Юрий Платонычев - А дальше только океан
— Что нового? — спросил Павлов. — Как Власенко?
— Все нормально, товарищ командир, — успокаивающе ответил Щипа и мог бы ничего больше не говорить. У моряков «нормально» означает очень многое. А главное, что все живы-здоровы, что не было никаких ЧП. — Николай Захарович уже в парк выходит.
— Вот это хорошо! — Больше всего Павлова обрадовало, что Власенко стал на ноги.
На лице Щипы недоставало чего-то весьма существенного, но чего?.. Павлов обернулся и некоторое время всматривался в мичмана. Тут подал голос Малышев:
— Не ко двору пришлись? — Он по-гусарски провел у себя под носом.

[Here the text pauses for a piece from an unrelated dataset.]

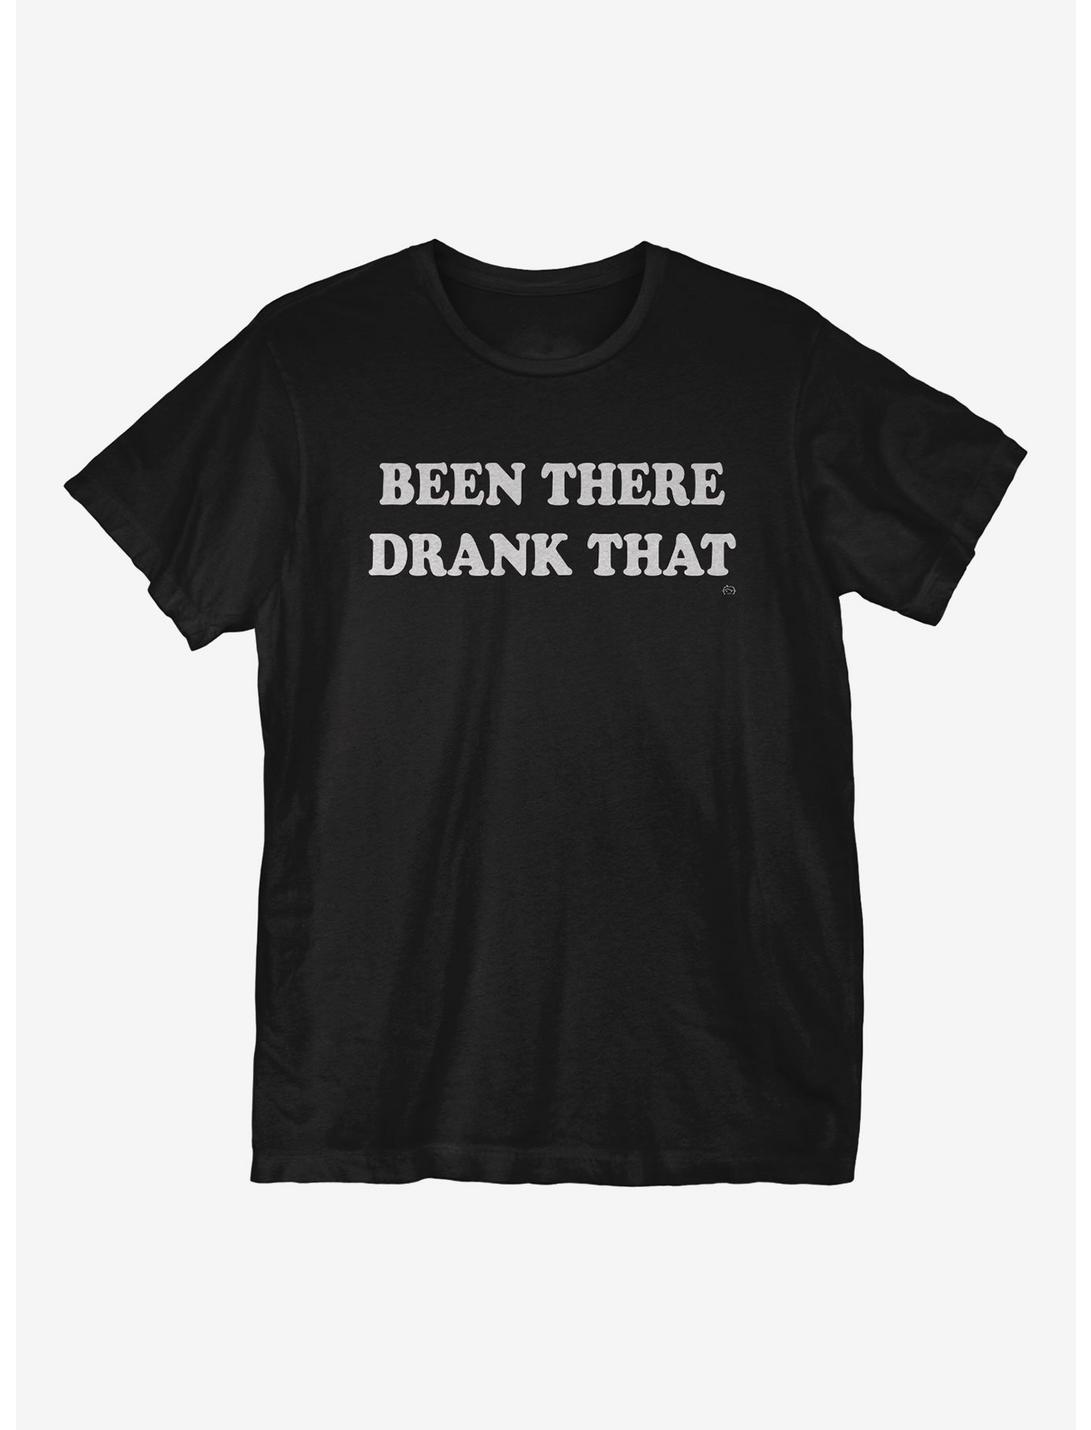 Been There T-Shirt, BLACK, hi-res

— Да ну их! — Щипа махнул рукой.
Исчезли, упорхнули как мотыльки мичманские усики. Щипа, конечно, умолчал, что с усиками «для импозанту» случился самый настоящий конфуз. Недавно ему в голову пришел расчудеснейший мотив. Щипа долго его напевал, никак не мог вспомнить, из какого он фильма, а когда брился — вспомнил. В порыве вдохновения Щипа забыл, что в руке у него не дирижерская палочка, а опасная бритва, и на самой верхней ноте сбрил себе правый ус. Он очень огорчился, но выход был один — сбрить и левую половину.
— Вот такая одиссея… — Мичман тяжело вздохнул, возвращаясь к былым переживаниям.

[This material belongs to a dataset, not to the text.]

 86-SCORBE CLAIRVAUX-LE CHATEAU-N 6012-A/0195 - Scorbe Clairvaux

Владислав хорошо знал про «одиссею» и, чтобы не рассмеяться, прикусил губу, сдвинул брови в одну строгую полоску и нарочито пристально вглядывался в серую ленту, стремительно бегущую под колеса.
— Да, еще новость! — Щипа засиял, моментально позабыв о своих усах и о своих переживаниях. — Расчеты Самойленко аж первое место по флоту заняли!
«Выходит, не зря шлепали самолюбивого парня!» Павлов даже раздвинул кашне: от хороших вестей ему стало совсем тепло.
— А как вы?.. К празднику готовитесь? — совсем оттаяв душой, спросил он.
— Больше старое повторяем, но… — Щипа нагнулся к Павлову и, понизив голос, интригующе проговорил: — Вам по секрету, а Валентин Петрович уже знает. Сочинили свою песню. Только для остальных это сюрприз.
У Владислава наружу вырывались какие-то сдавленные звуки, хотя он изо всех сил крепился, старался быть серьезным, — о «сюрпризе», как и об «одиссее», давно уже все знали.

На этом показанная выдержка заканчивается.